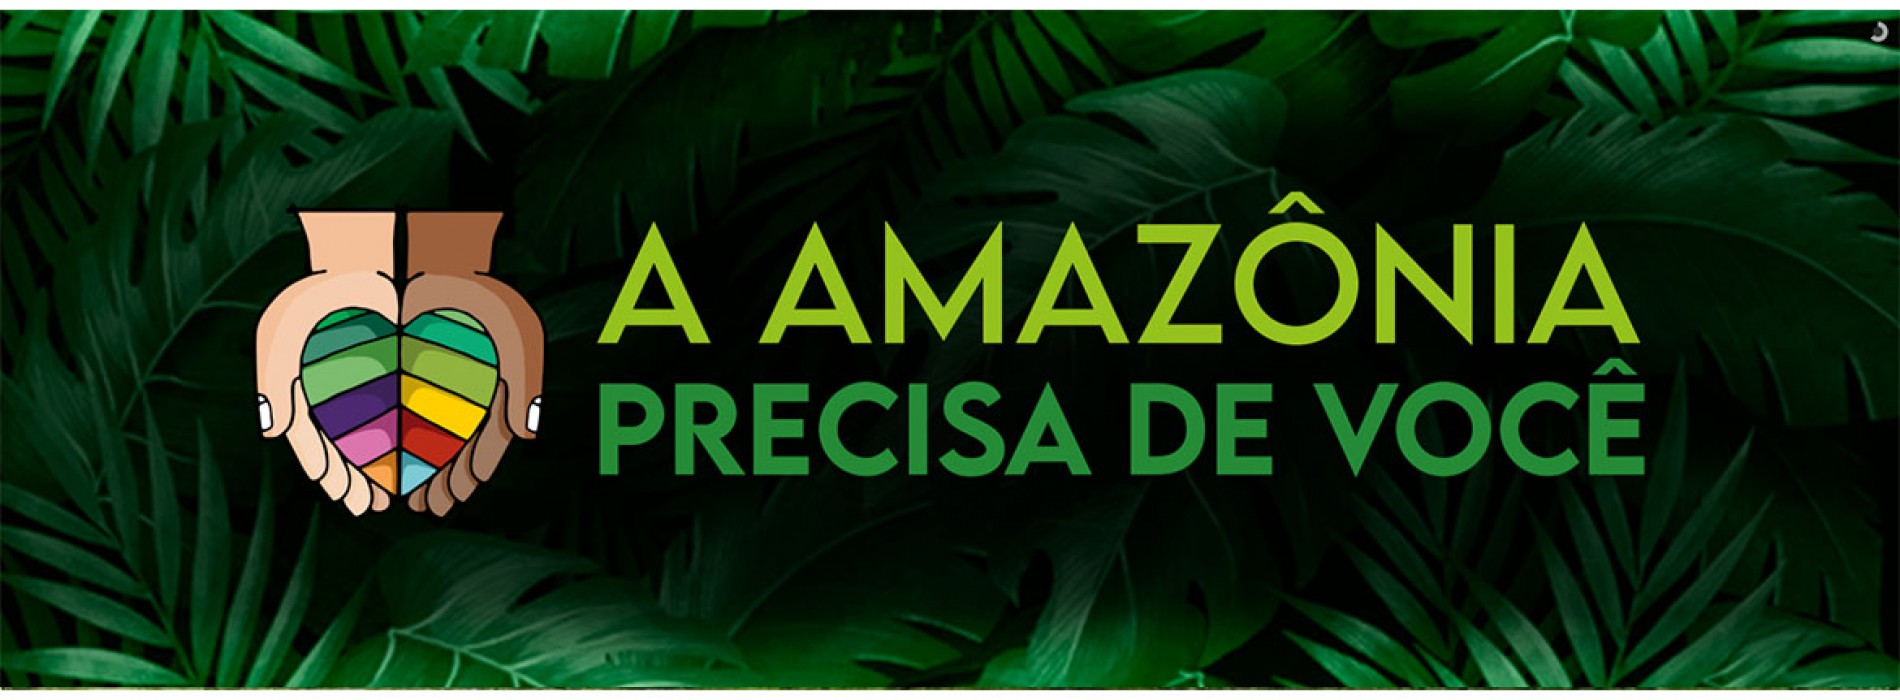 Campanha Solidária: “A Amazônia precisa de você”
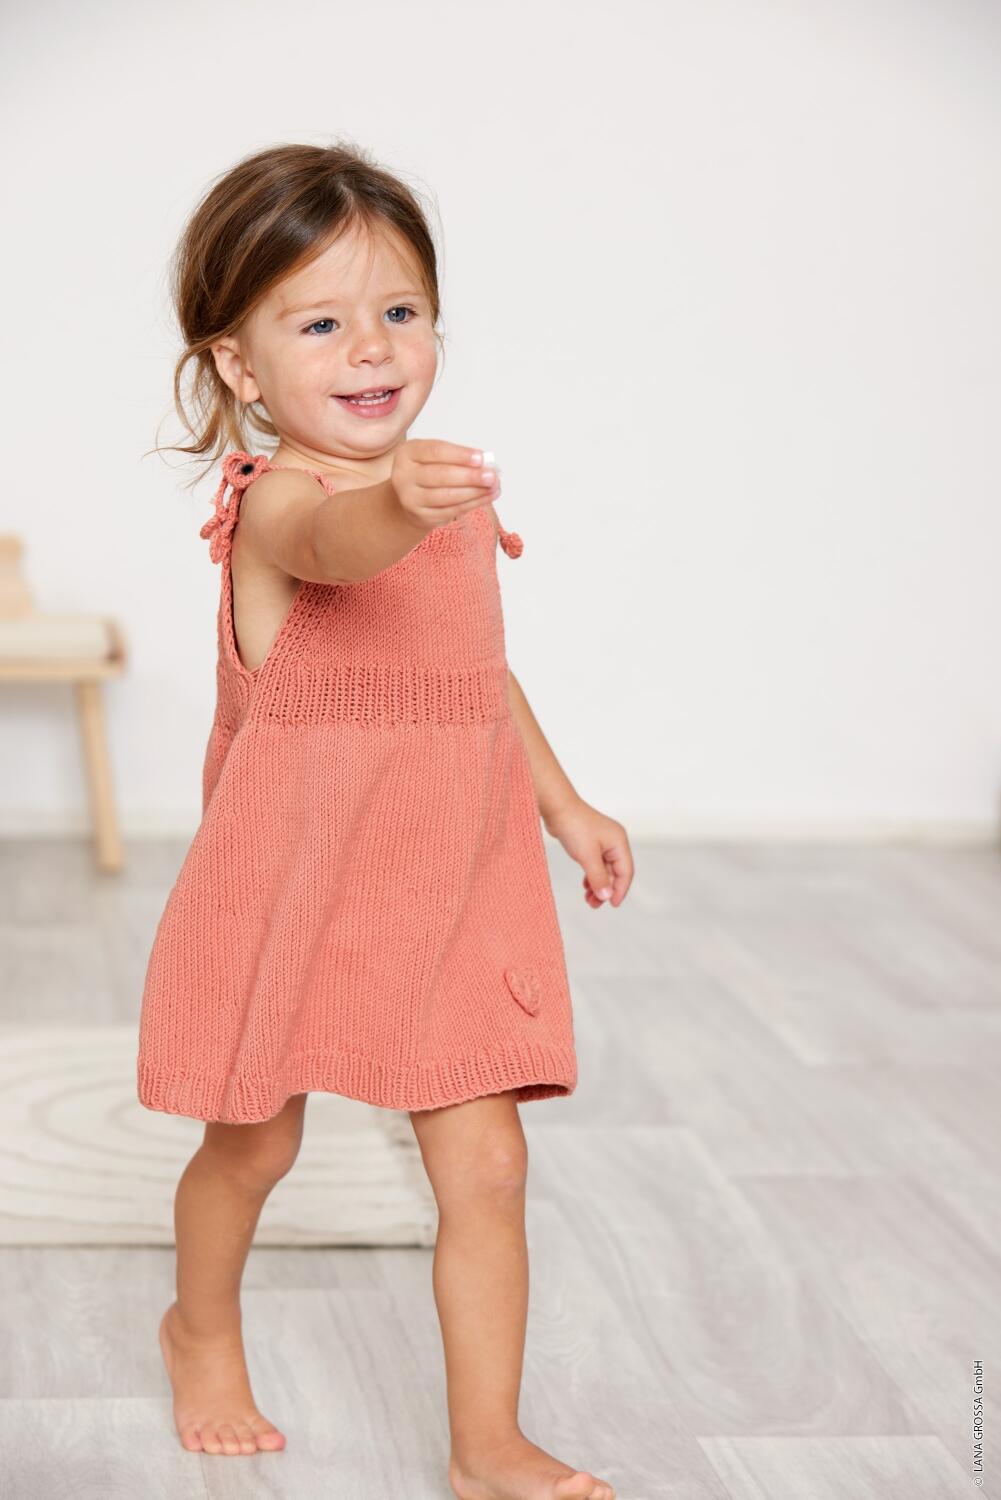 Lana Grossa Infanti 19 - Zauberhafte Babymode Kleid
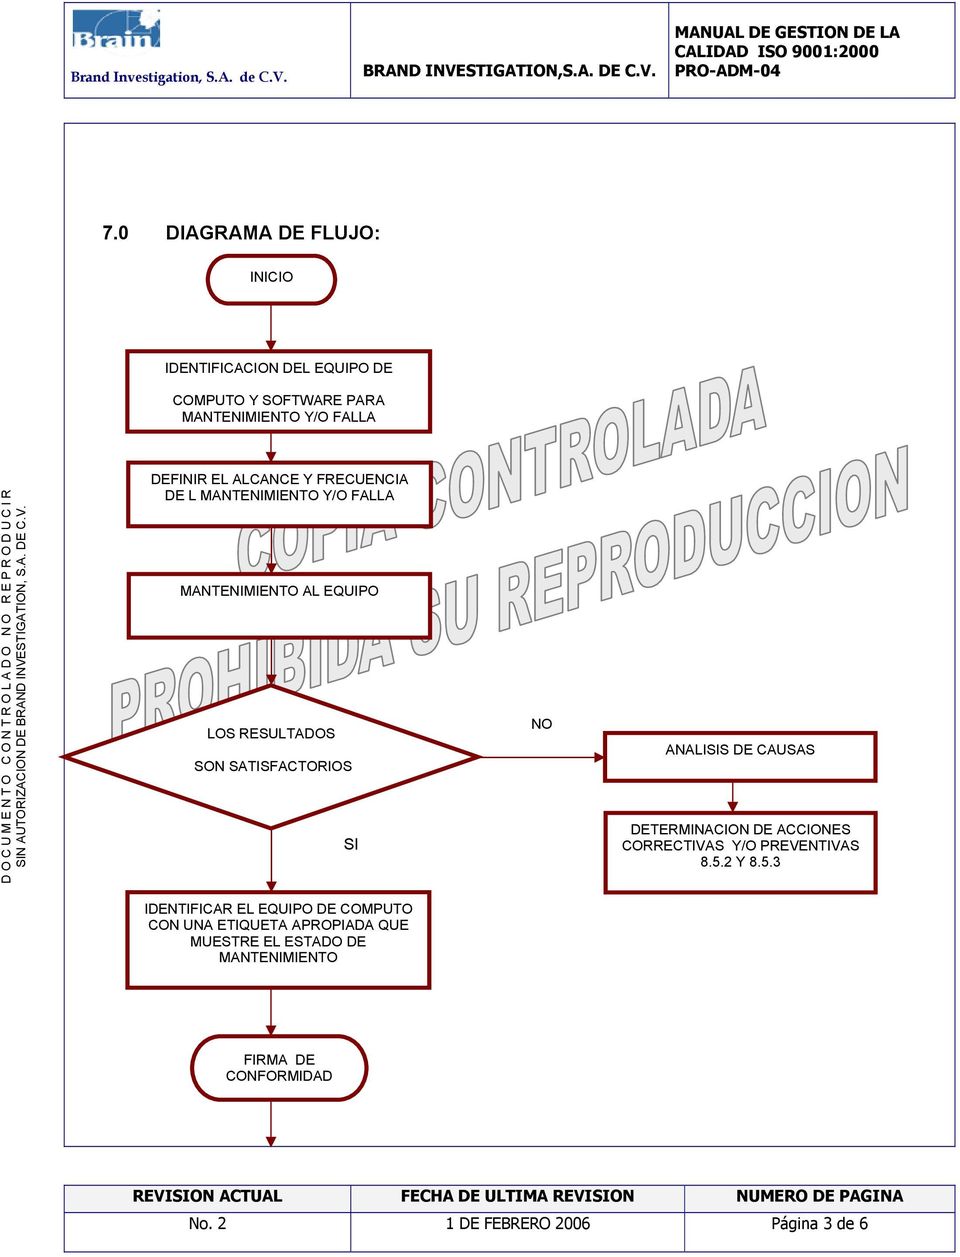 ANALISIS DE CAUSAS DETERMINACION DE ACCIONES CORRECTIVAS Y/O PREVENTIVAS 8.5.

* BRIEF:
Retype the lines above exactly, no pictures.

* TASK RESPONSE:
 Campanha Solidária: “A Amazônia precisa de você”
 Lana Grossa Infanti 19 - Zauberhafte Babymode Kleid
 ANALISIS DE CAUSAS DETERMINACION DE ACCIONES CORRECTIVAS Y/O PREVENTIVAS 8.5.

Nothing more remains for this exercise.